A document describes a methodology for designing fault-protection (FP) software for autonomous spacecraft. The methodology embodies and extends established engineering practices in the technical discipline of Fault Detection, Diagnosis, Mitigation, and Recovery; and has been successfully implemented in the Deep Impact Spacecraft, a NASA Discovery mission. Based on established concepts of Fault Monitors and Responses, this FP methodology extends the notion of Opinion, Symptom, Alarm (aka Fault), and Response with numerous new notions, sub-notions, software constructs, and logic and timing gates. For example, Monitor generates a RawOpinion, which graduates into Opinion, categorized into no-opinion, acceptable, or unacceptable opinion. RaiseSymptom, ForceSymptom, and ClearSymptom govern the establishment and then mapping to an Alarm (aka Fault). Local Response is distinguished from FP System Response. A 1-to-n and n-to-1 mapping is established among Monitors, Symptoms, and Responses. Responses are categorized by device versus by function.
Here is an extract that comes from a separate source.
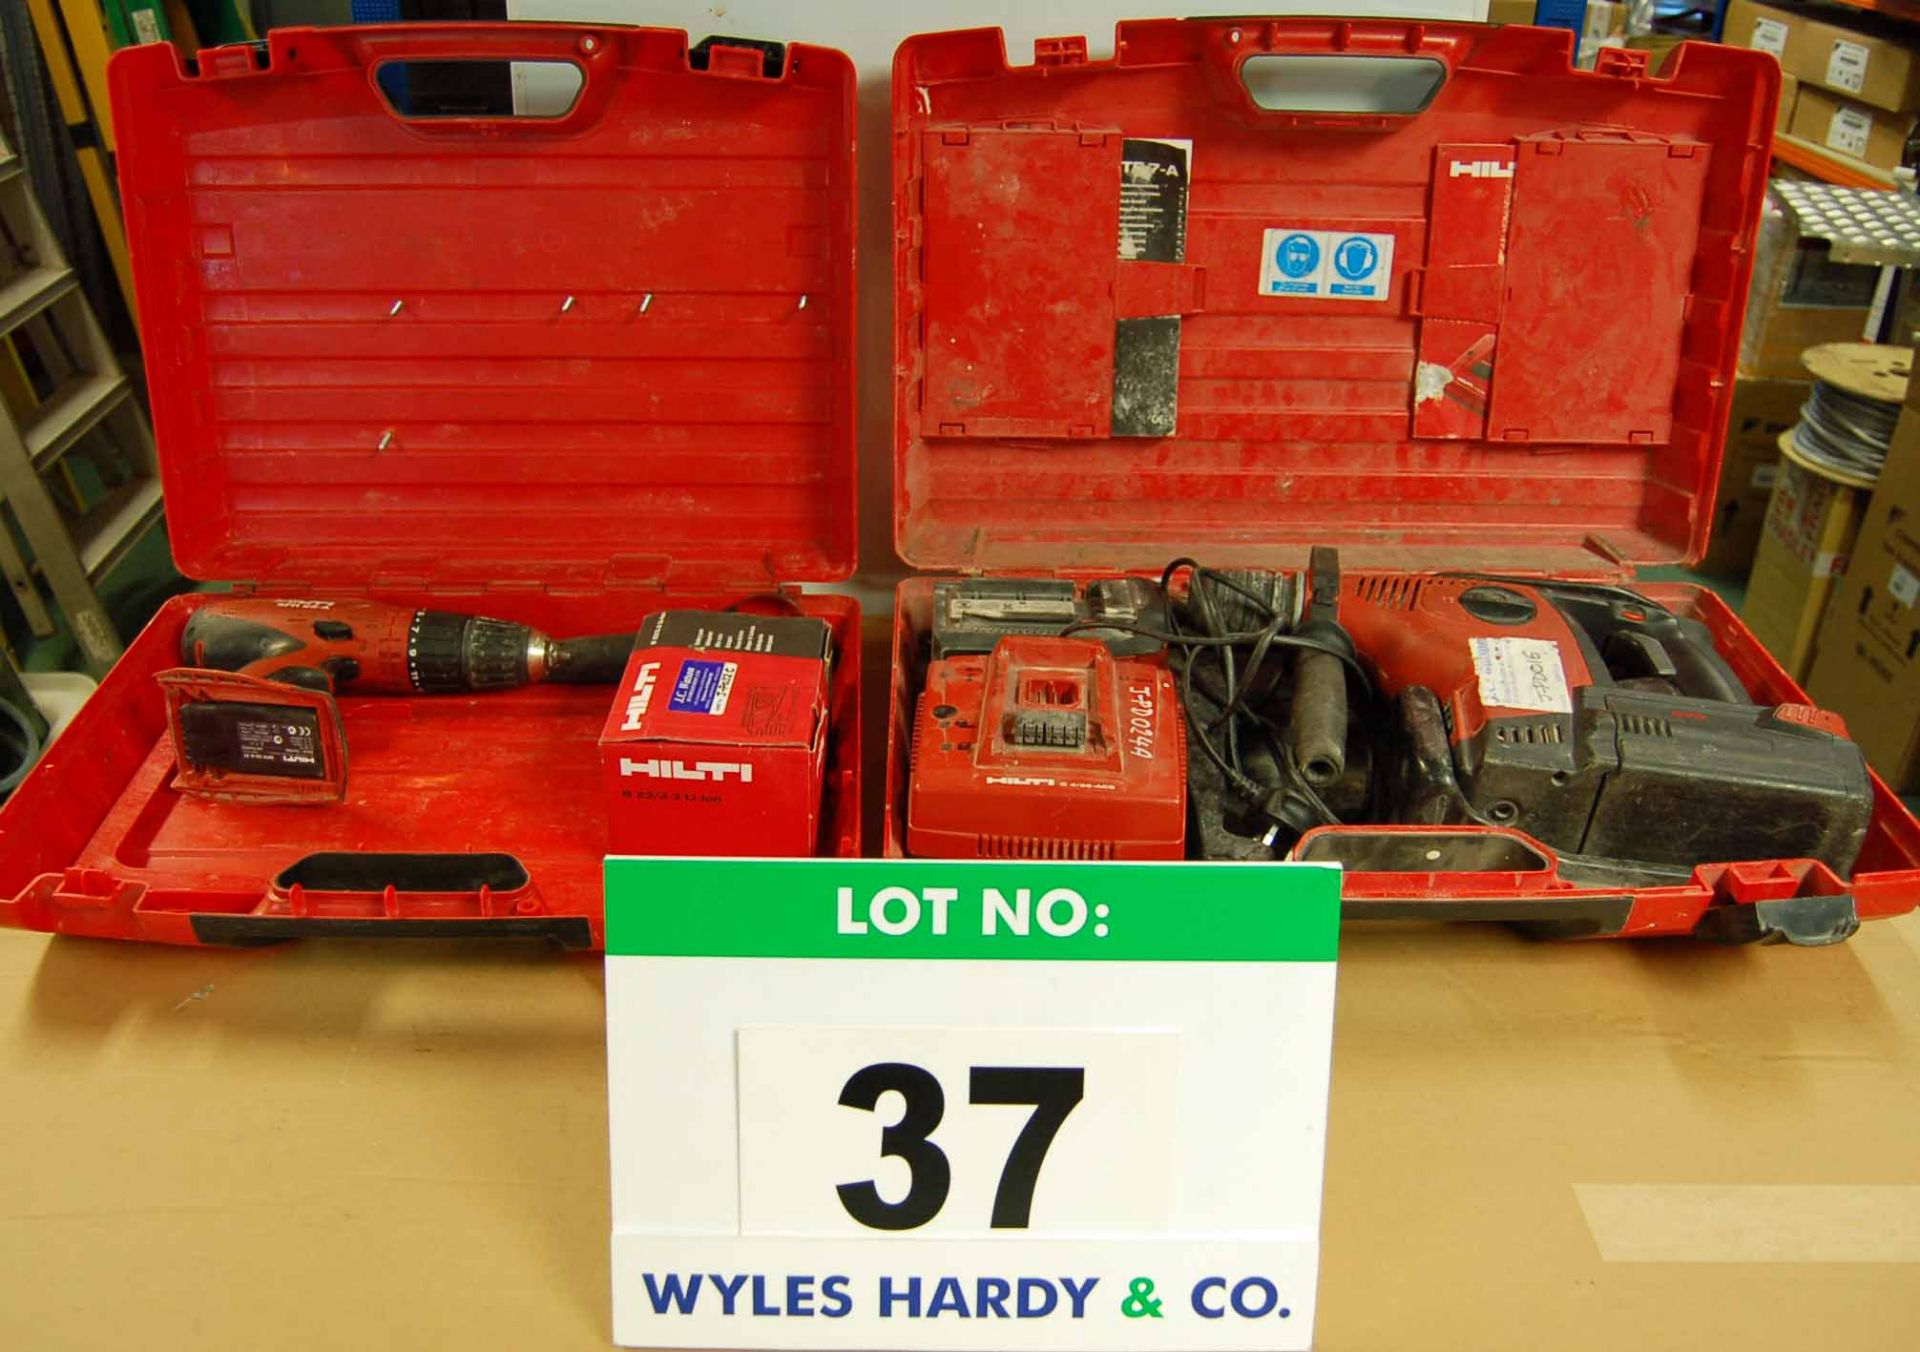 A HILTI TE 7A 36v Heavy Duty SDS Drill/Breaker with Two 3.3AH Batteries and Mains Charger and A

Responses operate in tiers, where the early tiers attempt to resolve the Fault in a localized step-bystep fashion, relegating more system-level response to later tier(s). Recovery actions are gated by epoch recovery timing, enabling strategy, urgency, MaxRetry gate, hardware availability, hazardous versus ordinary fault, and many other priority gates. This methodology is systematic, logical, and uses multiple linked tables, parameter files, and recovery command sequences. The credibility of the FP design is proven via a fault-tree analysis “top-down” approach, and a functional fault-mode-effects-andanalysis via “bottoms-up” approach. Via this process, the mitigation and recovery strategy( s) per Fault Containment Region scope (width versus depth) the FP architecture.
This work was done by Kevin Barltrop, Jeffrey Levison, and Edwin Kan of Caltech for NASA’s Jet Propulsion Laboratory. For further information, access the Technical Support Package (TSP) free on-line at www.techbriefs.com/tsp under the Information Sciences category.
The software used in this innovation is available for commercial licensing. Please contact Karina Edmonds of the California Institute of Technology at (818) 393-2827. Refer to NPO-41344.
This Brief includes a Technical Support Package (TSP).

Methodology for Designing Fault-Protection Software
(reference NPO-41344) is currently available for download from the TSP library.
Don't have an account?
Overview
The document discusses the methodology for designing fault-protection (FP) software, particularly in the context of the Deep Impact (DI) project, developed by NASA's Jet Propulsion Laboratory (JPL). It emphasizes the importance of FP in ensuring the reliability and safety of spacecraft during missions. The FP design aims to cover all interface faults identified in Fault Containment Regions, as determined by Failure Mode and Effects Analysis (FMEA). The document highlights the balance between comprehensive FP coverage and project resource constraints, which often lead to a compromise in design complexity and cost.
The FP system for DI includes a significant number of components: 49 monitors, 921 symptoms, 667 alarms, and 39 responses. These statistics illustrate the extensive coverage provided by the FP design, which is considered minimal yet adequate by the developers. The design is influenced by previous JPL spacecraft missions, particularly the centralized FP engine approach used in the Deep Space 1 (DS-1) mission, which was both technically sound and cost-effective.
The FP software architecture is characterized by the use of formal state chart notation for defining monitors and responses, allowing for automatic code generation. This automation facilitates the integration of FP with other flight software applications, enhancing efficiency and reducing the potential for human error.
The document also discusses the challenges associated with FP design, including the added complexity that can complicate testing, verification, and operational processes. Despite these challenges, the FP design for DI is described as logical and comprehensible, benefiting from modern tools and automated testing methods. The development process involved extensive collaboration among subsystem engineers, ensuring that the FP system effectively serves as a critical component of the spacecraft's overall engineering.
In conclusion, the FP development in the DI project exemplifies a methodical approach to spacecraft design, integrating lessons learned from past missions while addressing the unique requirements of the current project. The document serves as a valuable resource for understanding the principles and practices of fault protection in aerospace applications, highlighting the ongoing evolution of FP technology in the field of system engineering.